Her response to the issue of deeming was:
This issue has come up over and over again. I have asked questions about deeming in this sense. If there are people who on paper look like they can work, but in fact they are not going to be able to work, then I think we need to ask those questions about how to resolve that issue… If someone is deemed to work, we have to establish if they really are able to work… so I want you to know that I have raised that issue and we will continue to work to get a good answer for that question … and it is not fair if someone cannot work; if they are being penalised for not working.”
Injured workers appreciate the questions asked by the Premier, however, we have on numerous occasions spoken to her regarding the elimination of the practice of deeming and we now ask for action. Deeming assumes that the injured worker who is not able to attain a job is receiving wages and uses that assumption to justify the slashing of the injured worker’s compensation, thus becoming a pathway to poverty for many injured workers with permanent impairments.
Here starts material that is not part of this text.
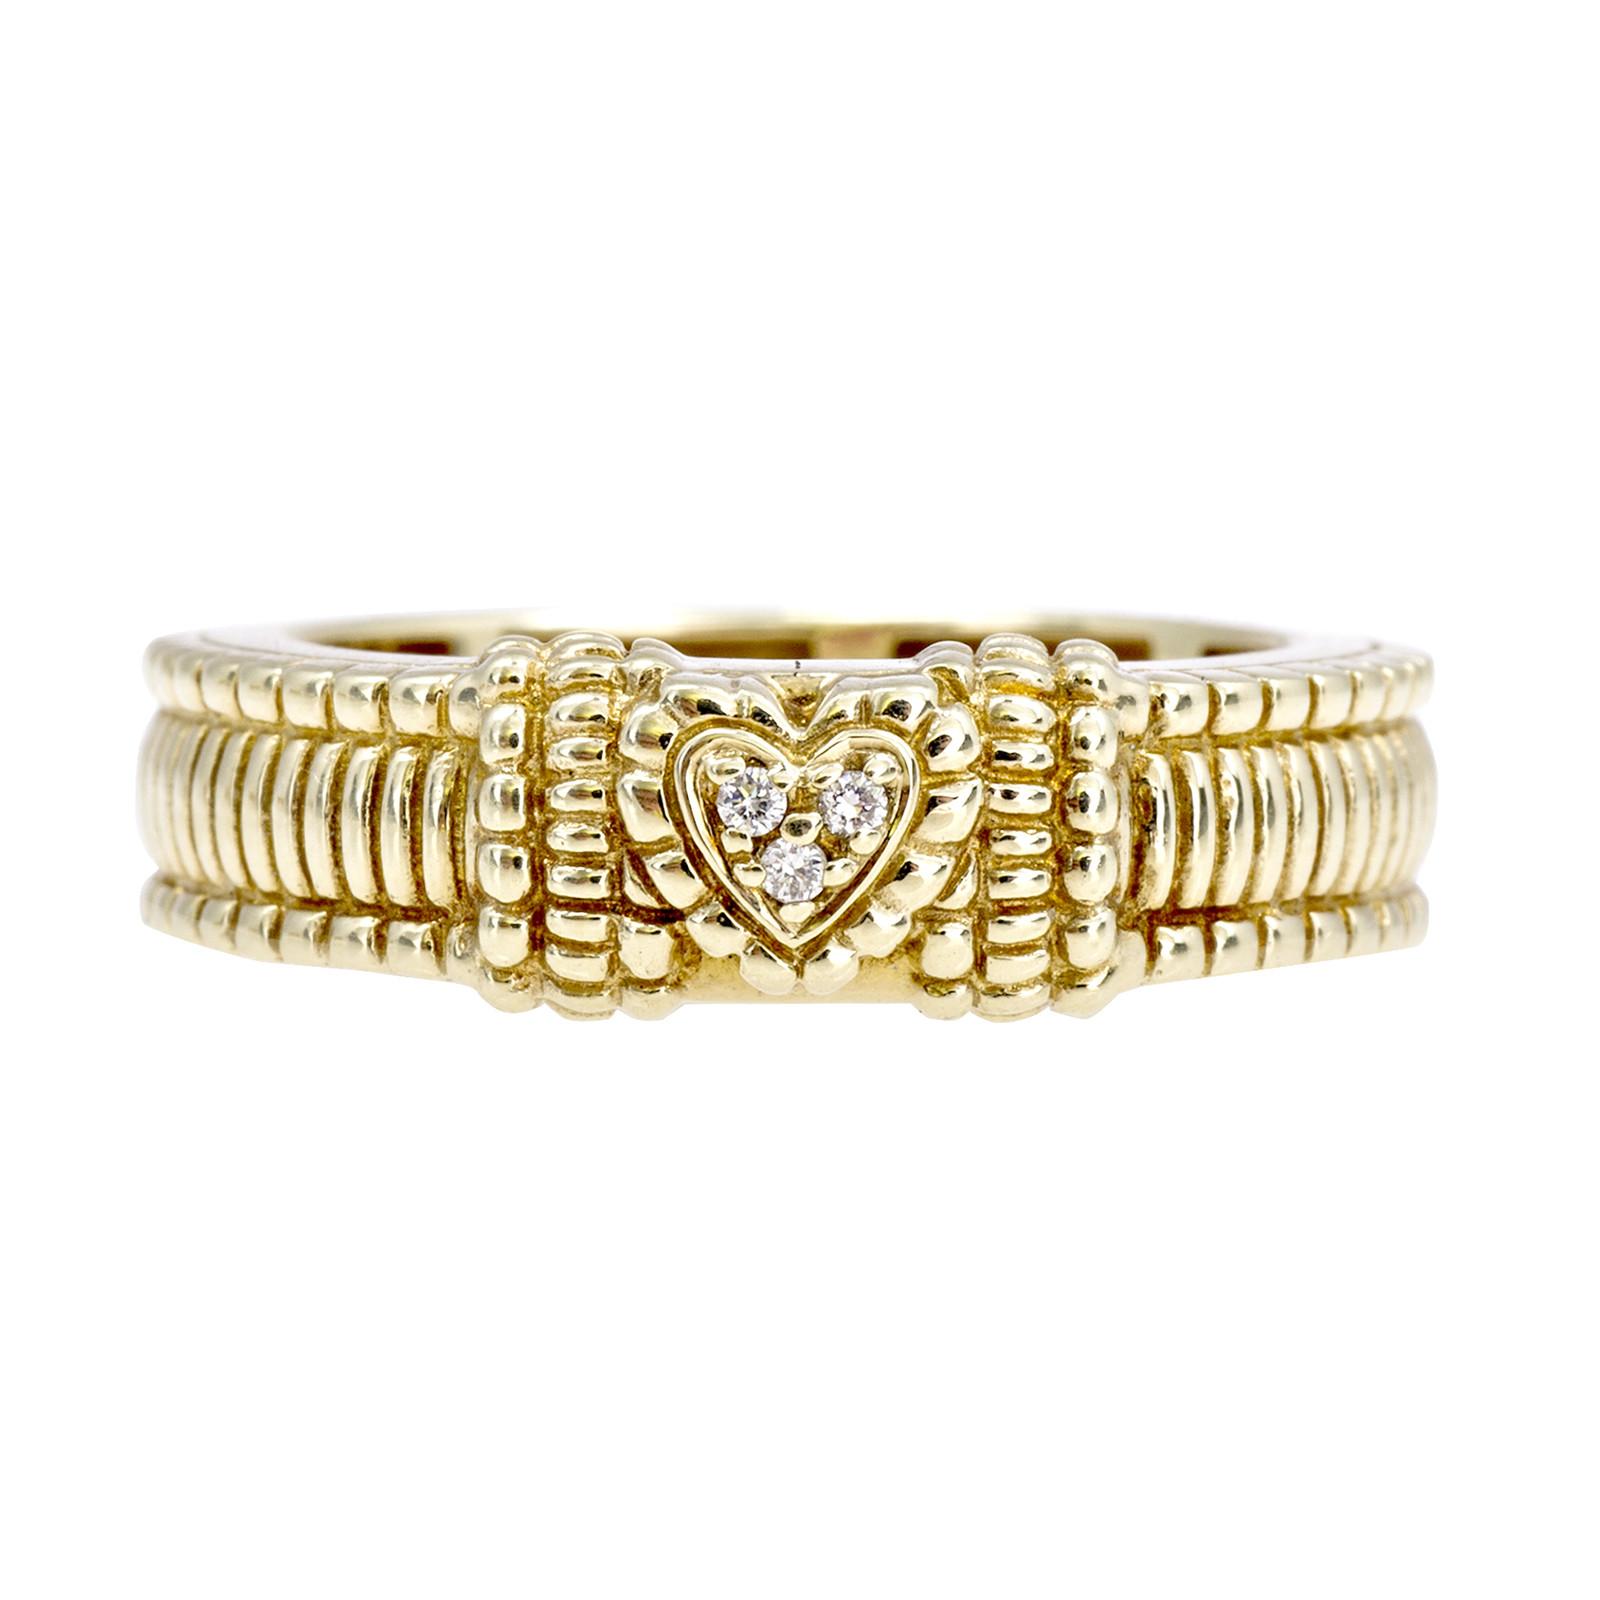 Vintage Judith Ripka 0.02 CTW Diamond Heart Ring

Deeming has to be eliminated. Injured workers should be compensated for the time they take to recover from their injury and for the time it takes to find a job that is safe for them to return to. If the injury takes away their capacity to earn wages, the WSIB must be a system that compensates the injured worker for their lost earnings.
As the Premier says: “It is not fair if someone cannot work; if they are being penalised for not working”. It is certainly not fair for injured workers to be penalised by an unjust practice that bases itself on wages that are not earned in actuality. We work for action by the government and the WSIB.